**DATASET CONTENT:**
━━━
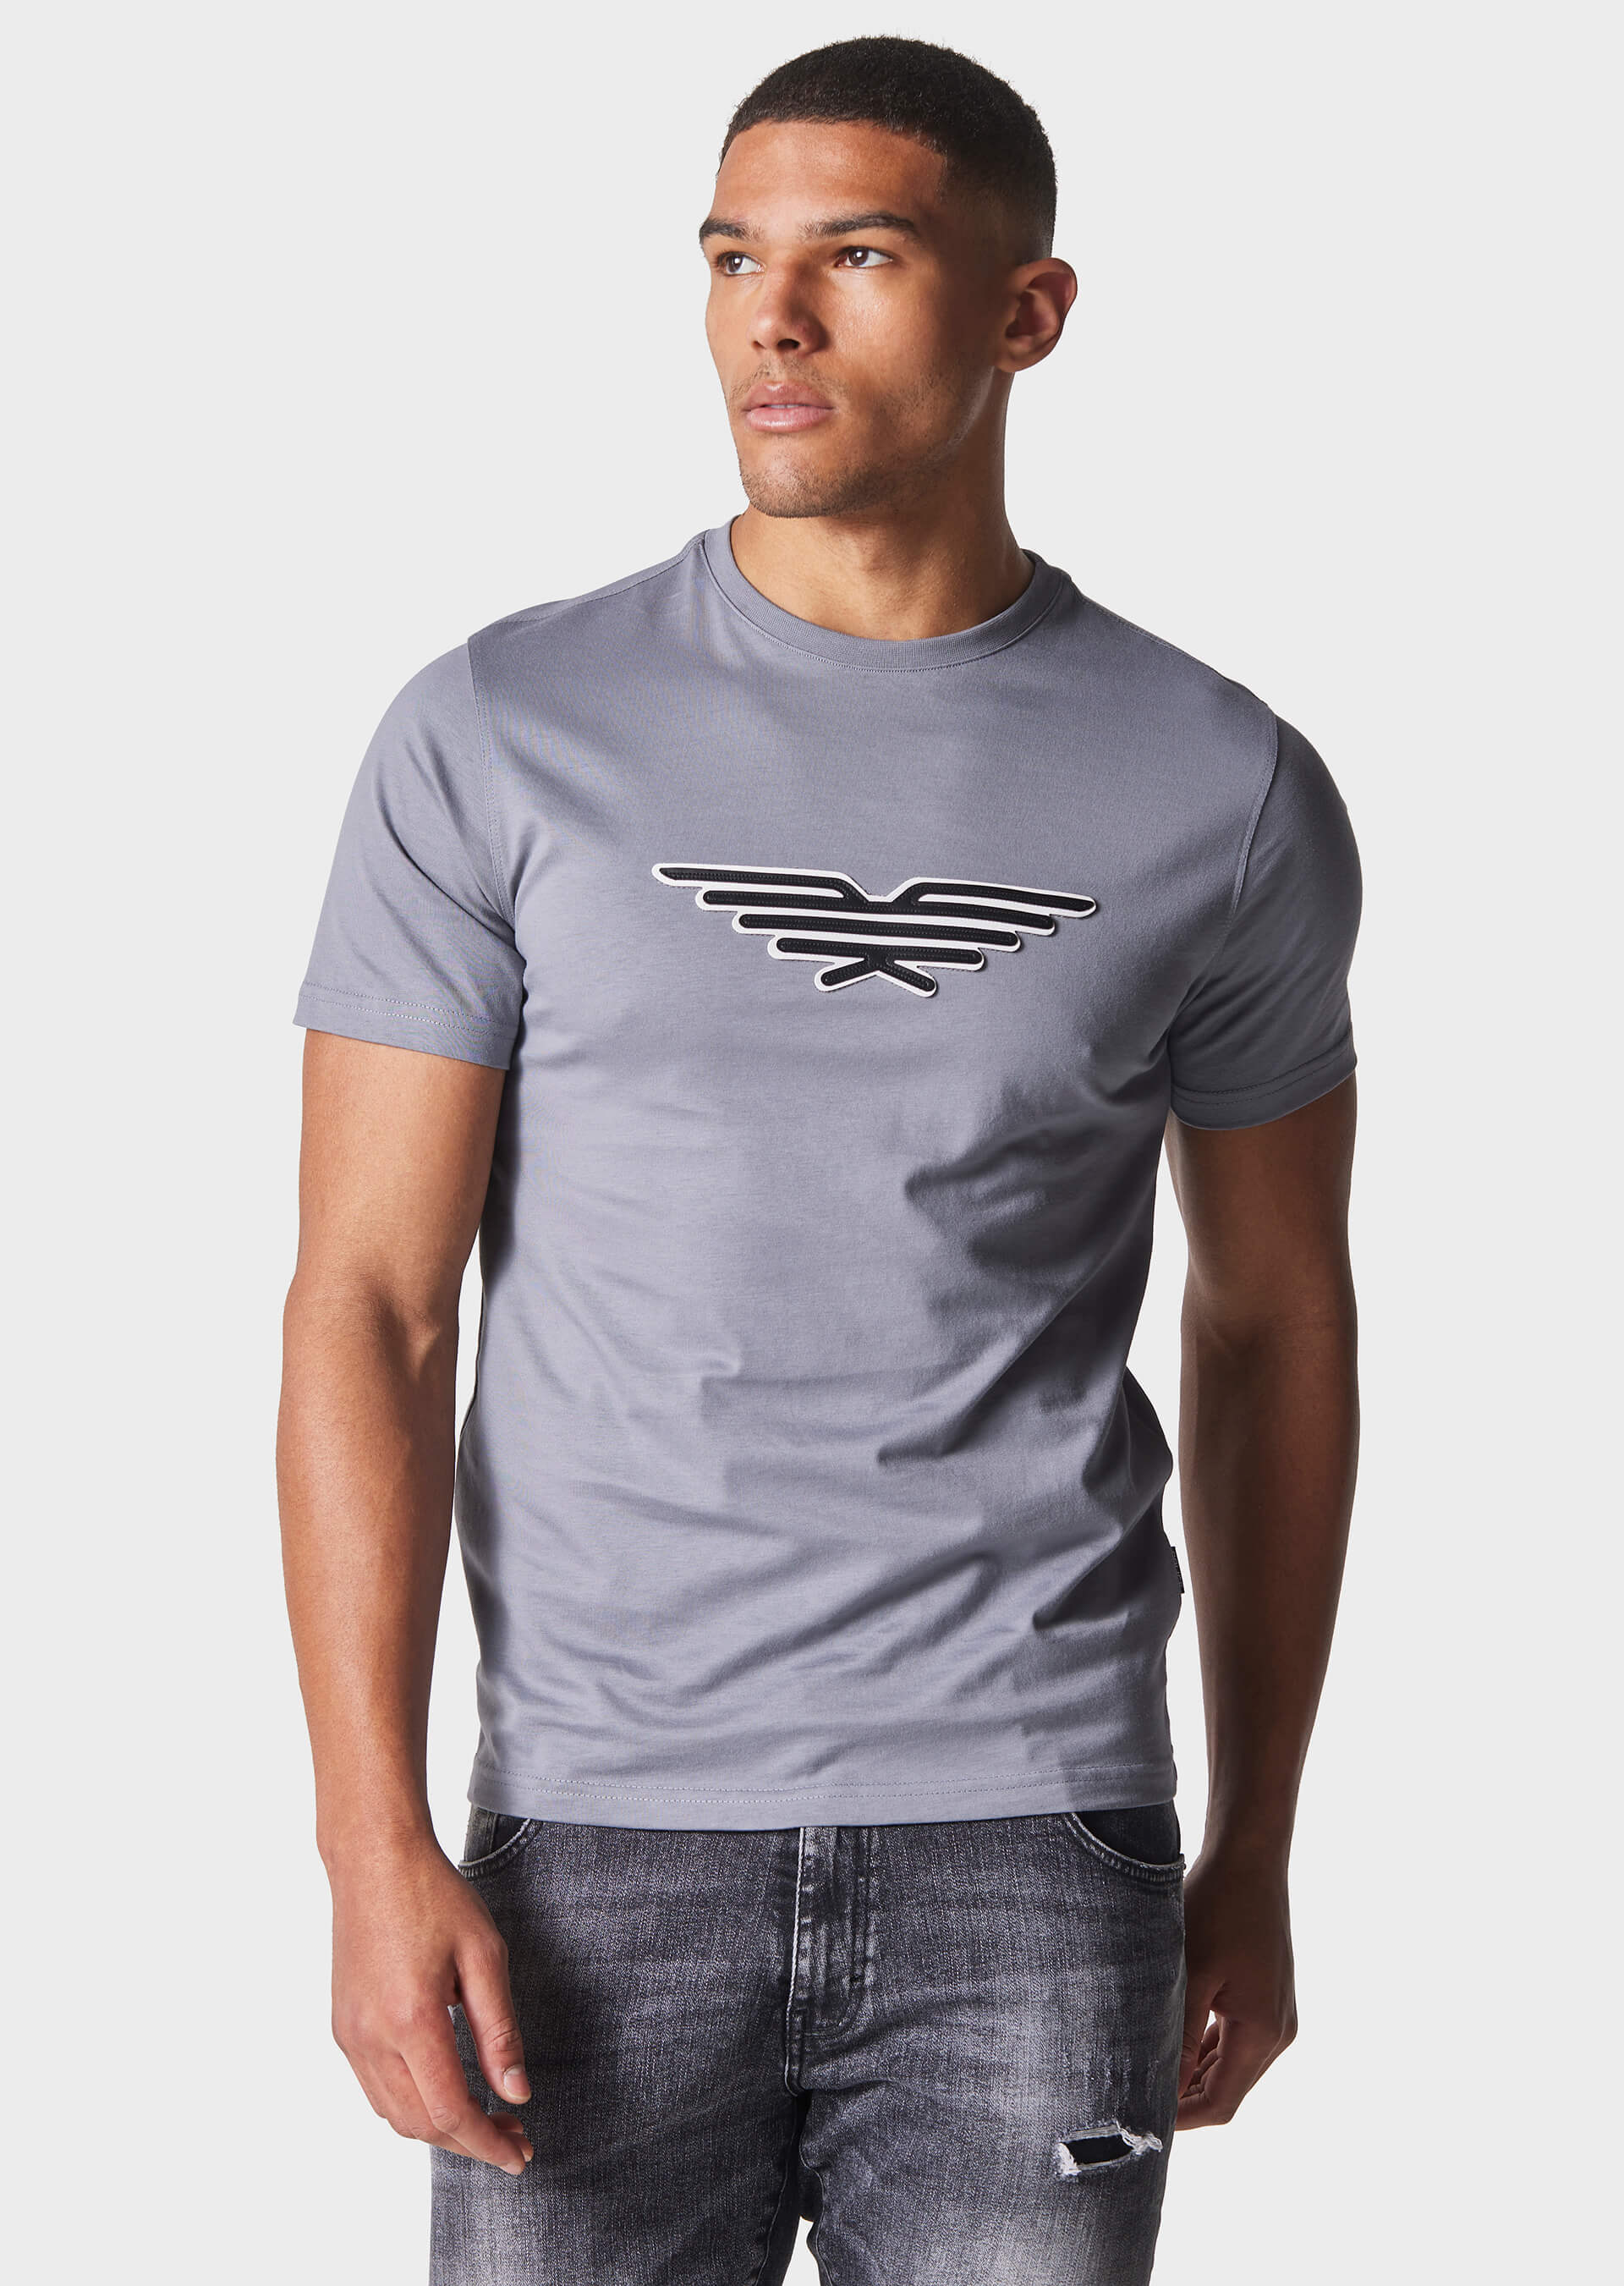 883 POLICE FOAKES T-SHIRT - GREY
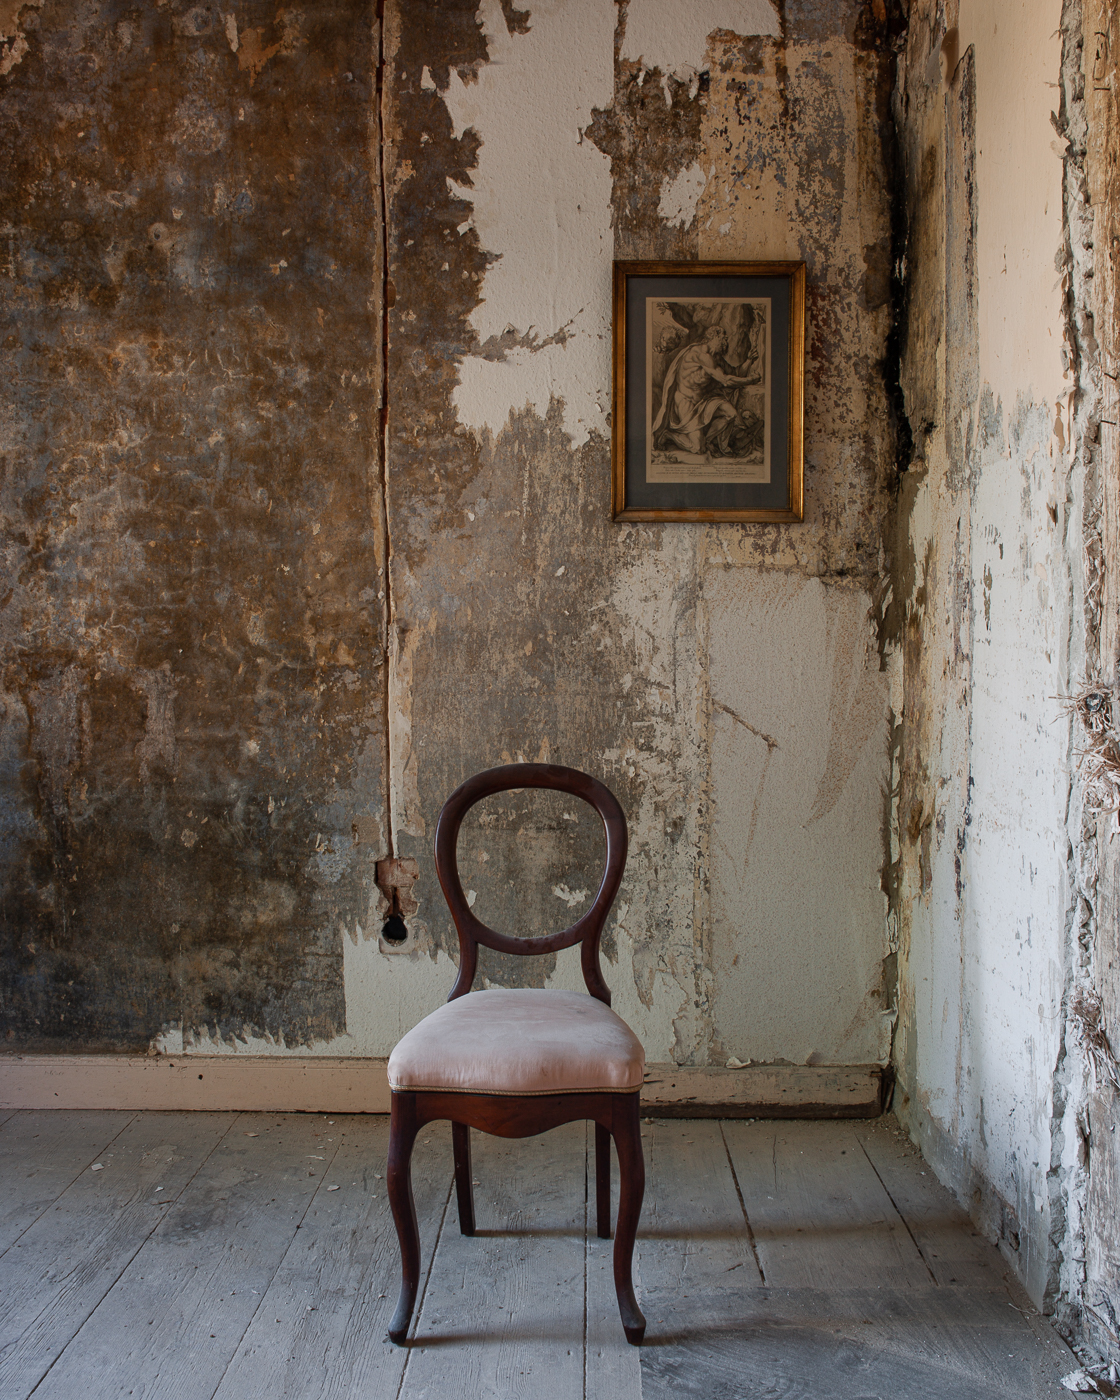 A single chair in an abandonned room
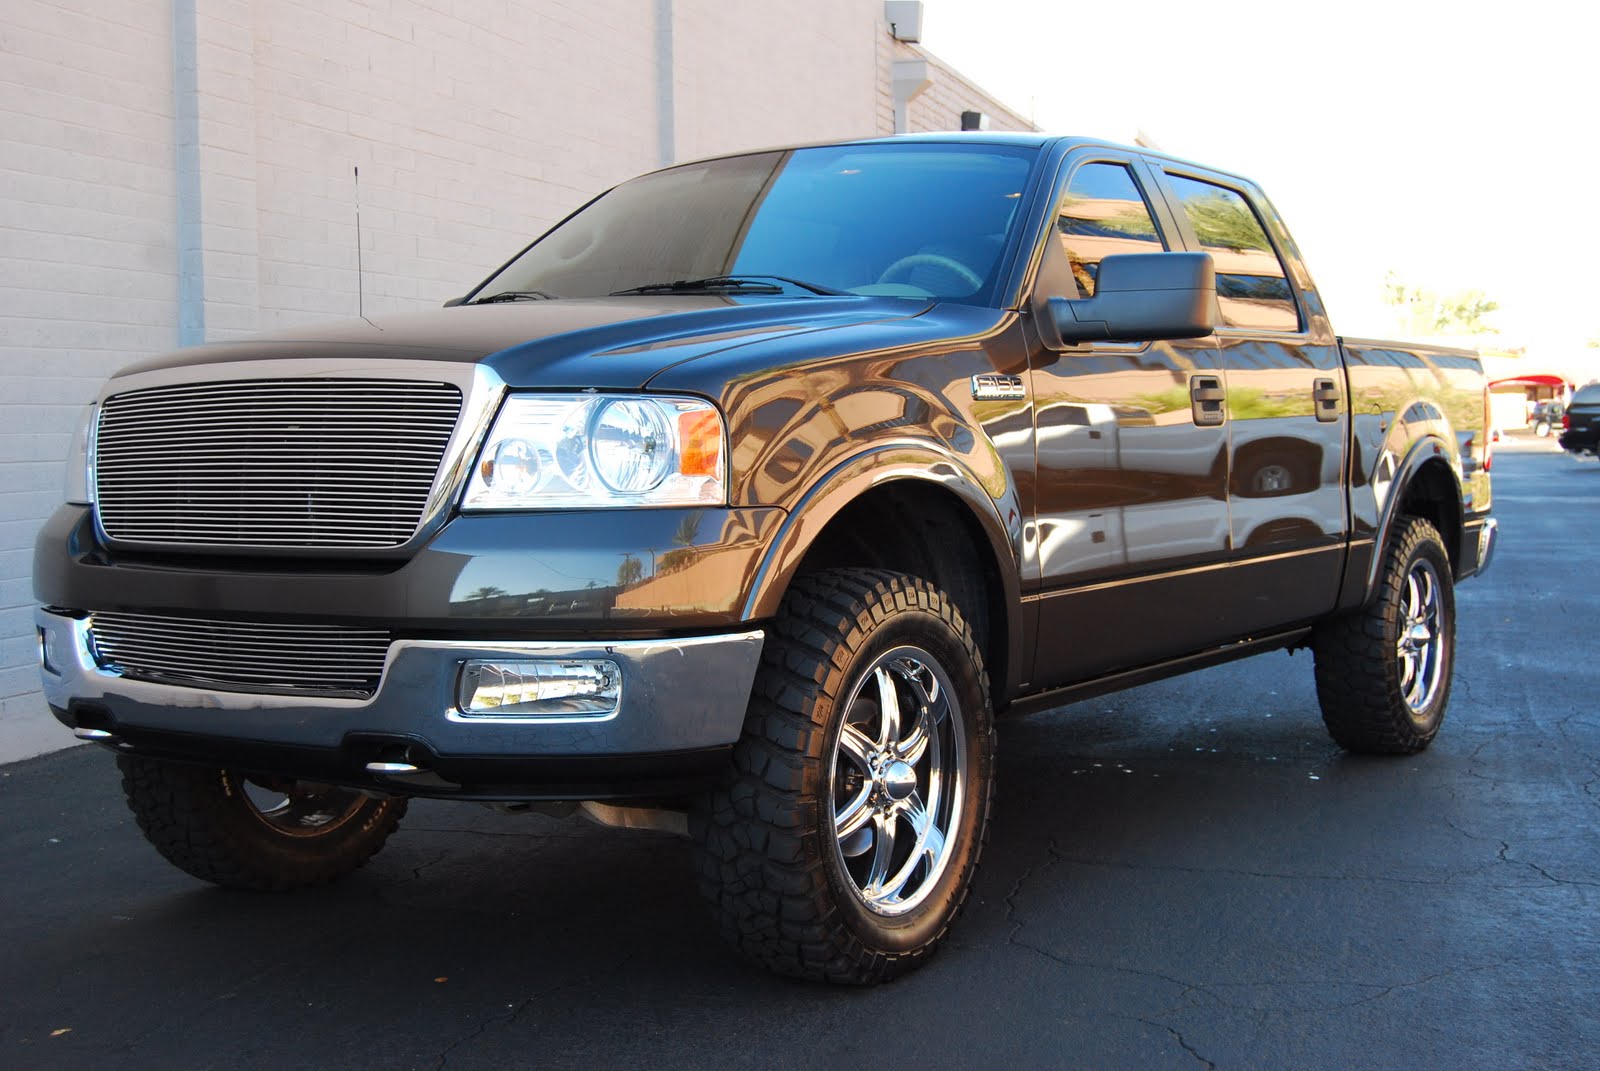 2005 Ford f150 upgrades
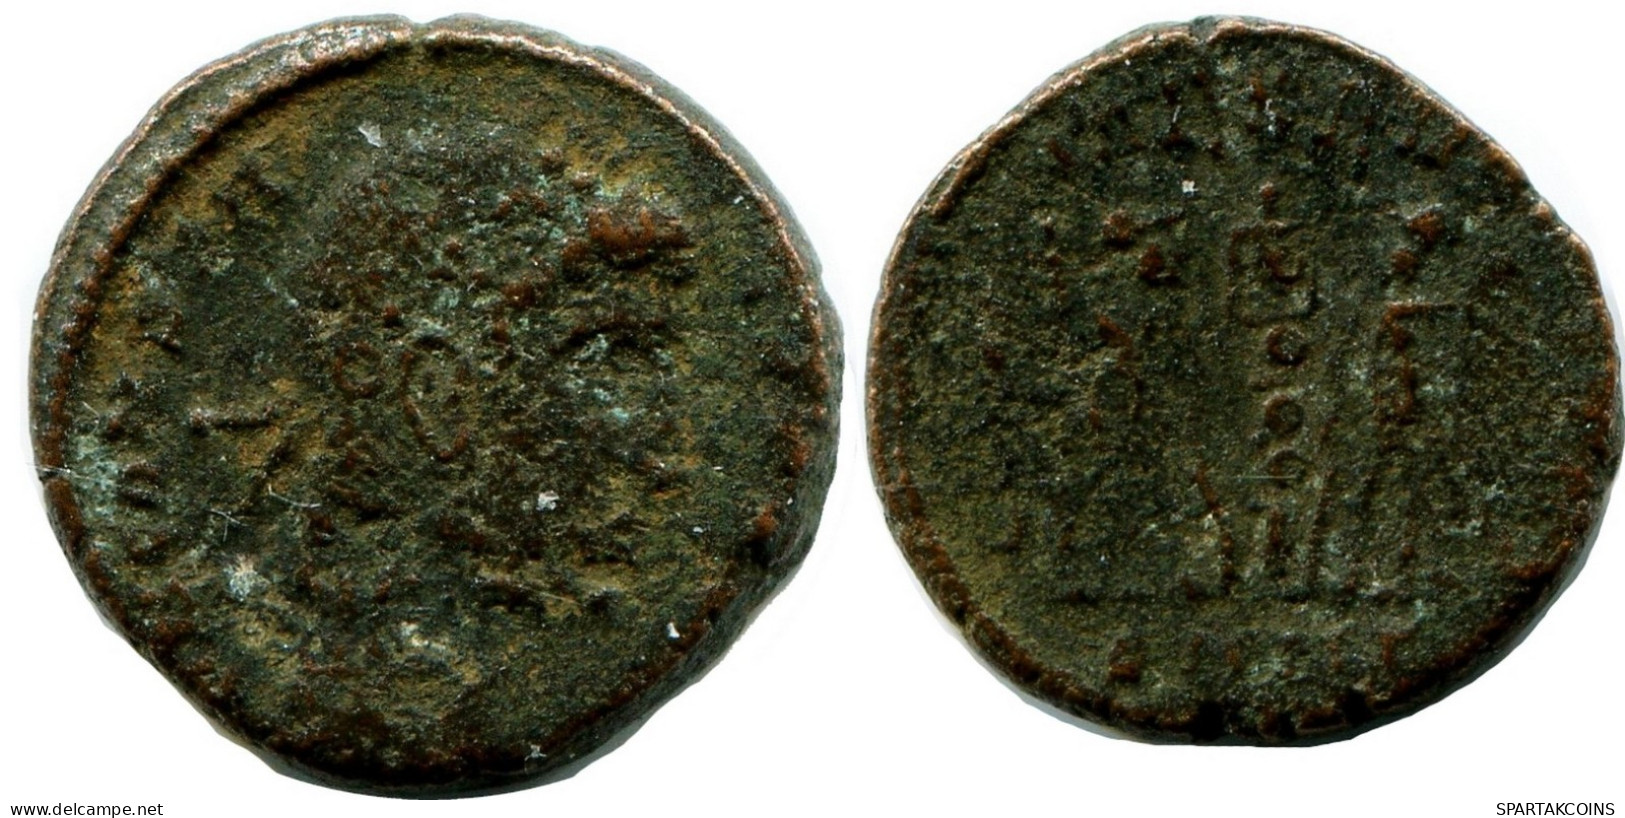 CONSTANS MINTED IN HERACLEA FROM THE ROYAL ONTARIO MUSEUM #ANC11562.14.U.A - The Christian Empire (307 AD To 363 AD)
━━━
**PROBLEM REQUIREMENTS:**
Exact copies of the lines from the one containing "2005 Ford f150 upgrades" through the final line of the data are required; pictures are to be omitted.

**WRITTEN RESPONSE:**
 2005 Ford f150 upgrades
 CONSTANS MINTED IN HERACLEA FROM THE ROYAL ONTARIO MUSEUM #ANC11562.14.U.A - The Christian Empire (307 AD To 363 AD)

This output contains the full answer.